(Supplied material begins)

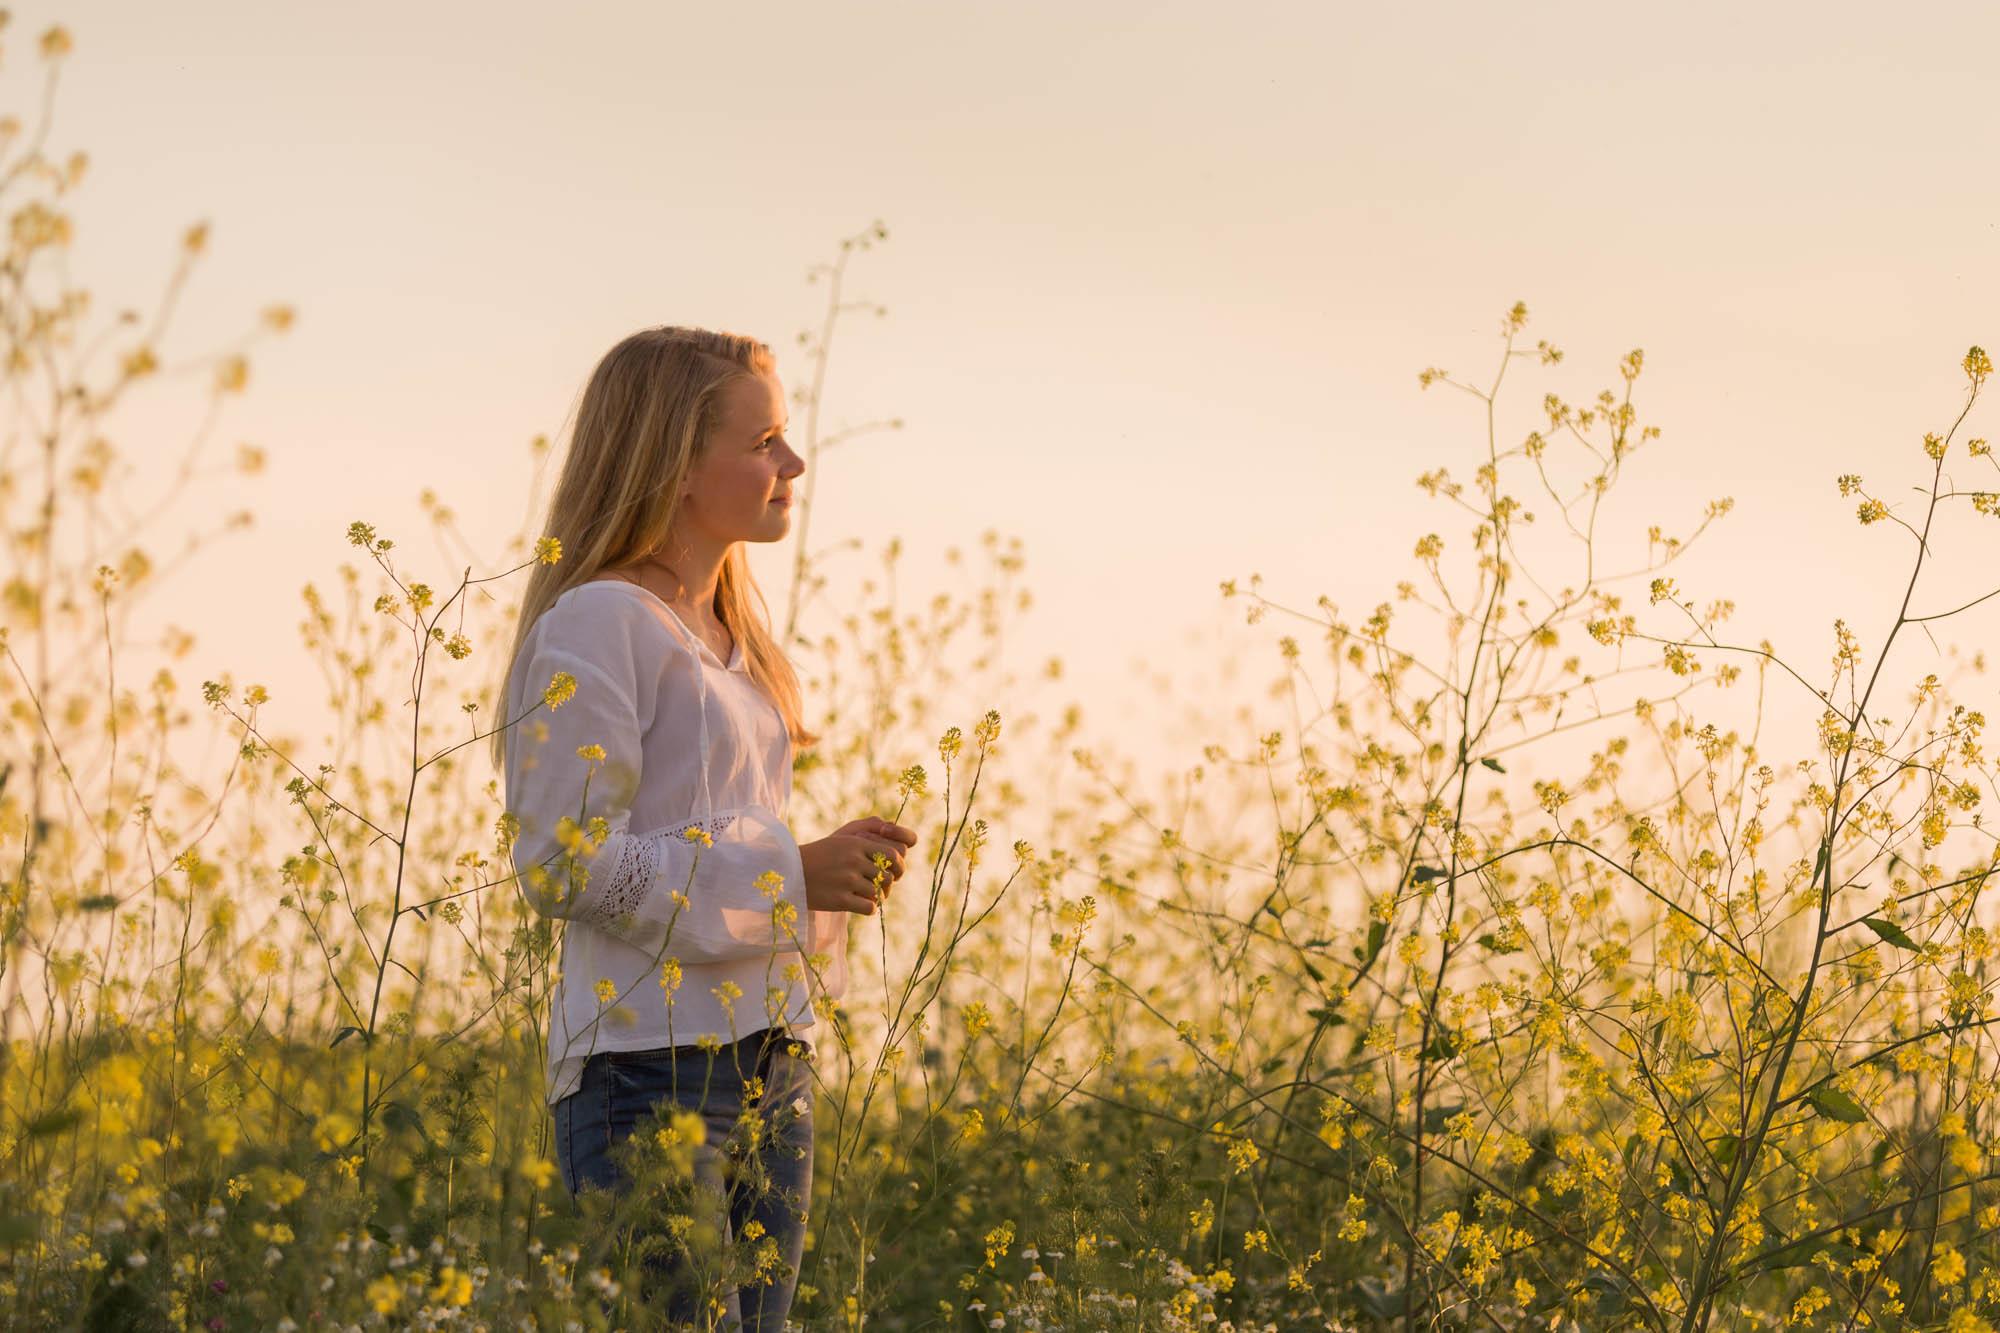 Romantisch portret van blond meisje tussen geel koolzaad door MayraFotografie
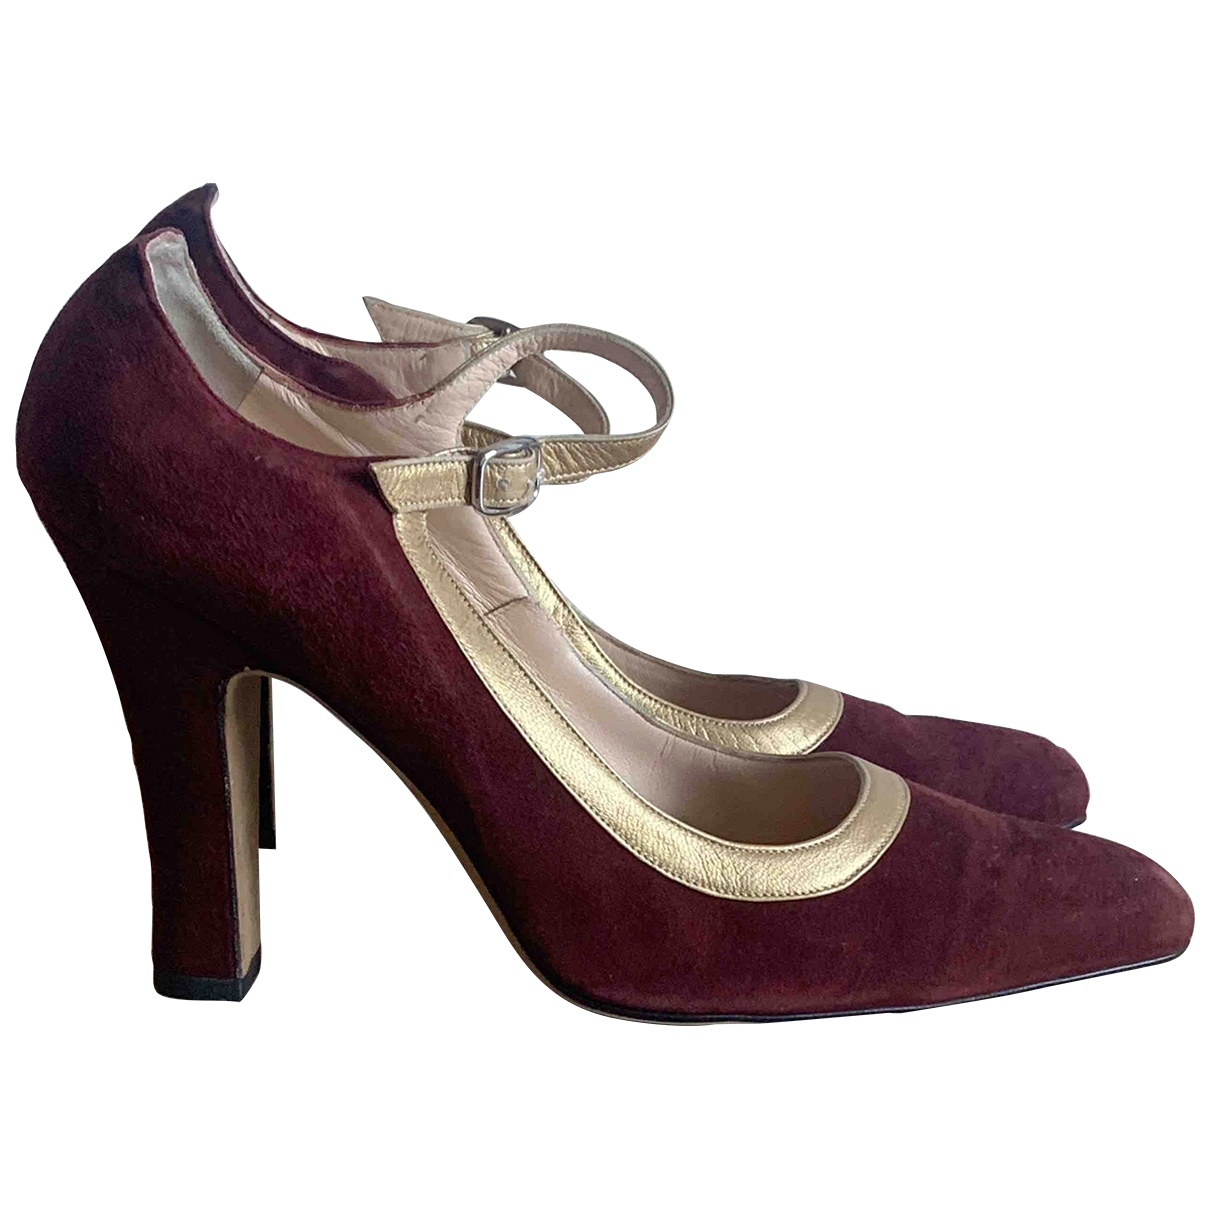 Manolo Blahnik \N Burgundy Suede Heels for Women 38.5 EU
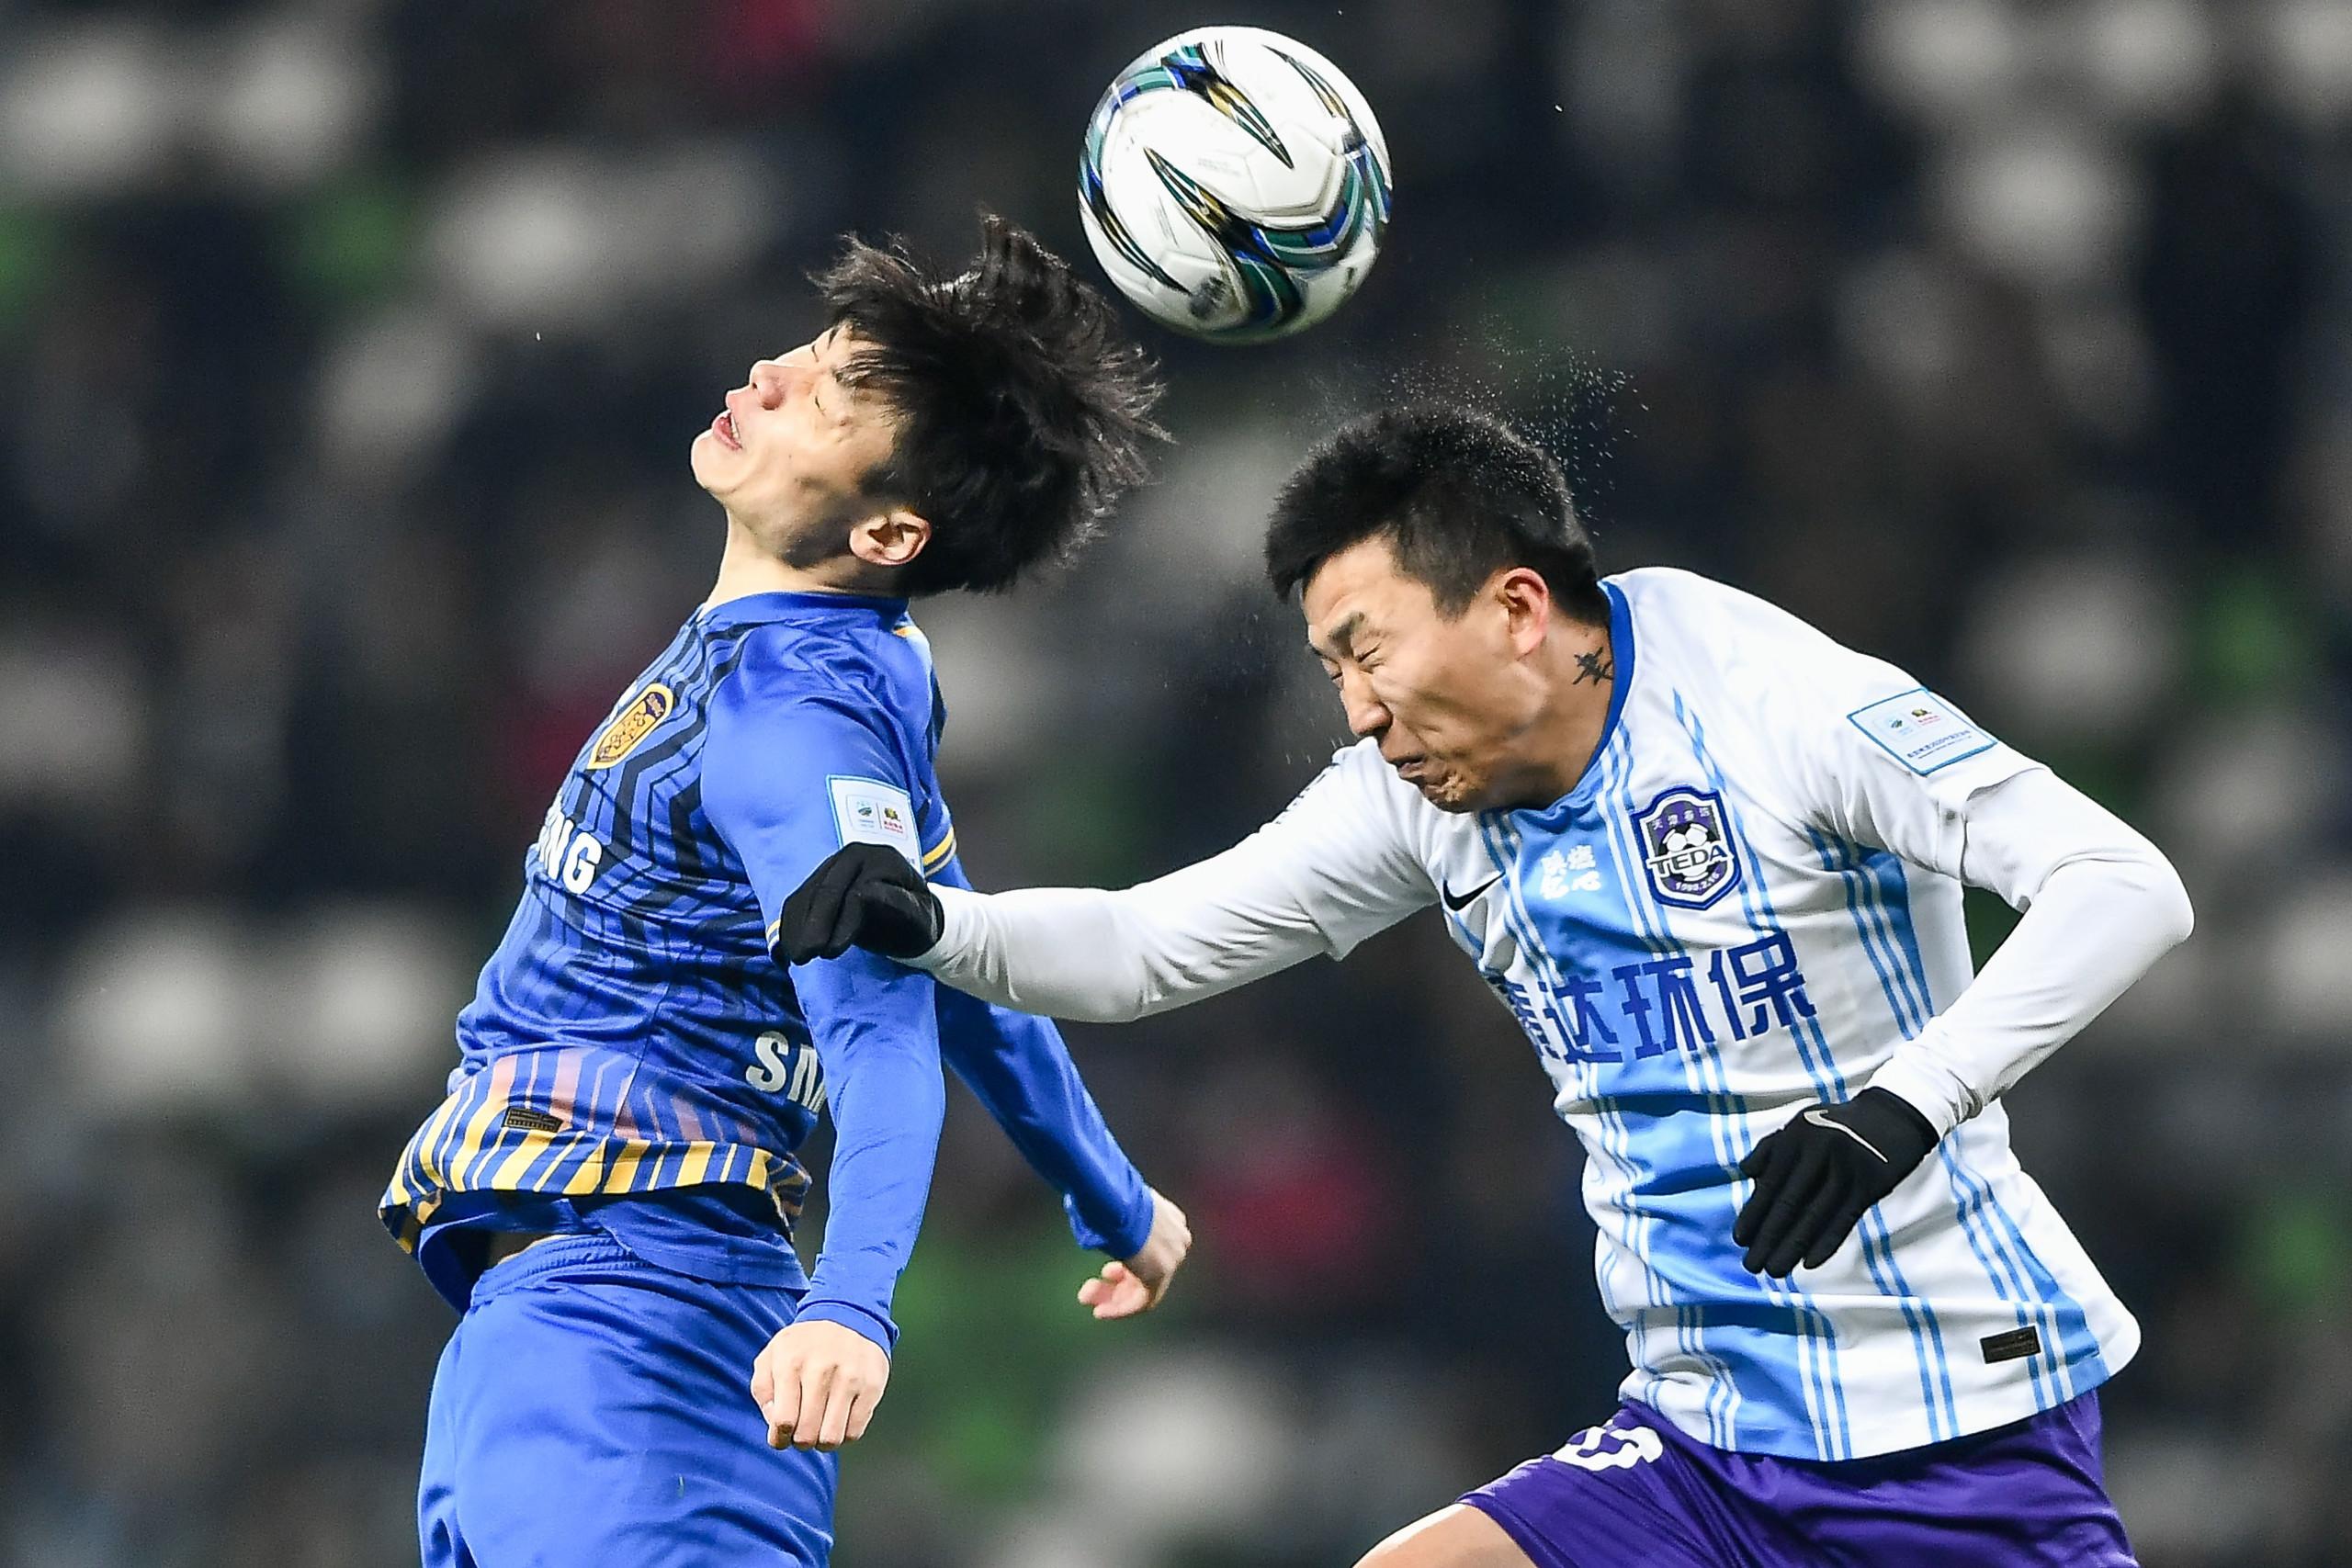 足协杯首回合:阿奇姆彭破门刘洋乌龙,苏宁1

(Supplied material ends)

Try it » Without including any picture, write out the material above verbatim.

Written solution »
 Romantisch portret van blond meisje tussen geel koolzaad door MayraFotografie
 Manolo Blahnik \N Burgundy Suede Heels for Women 38.5 EU
 足协杯首回合:阿奇姆彭破门刘洋乌龙,苏宁1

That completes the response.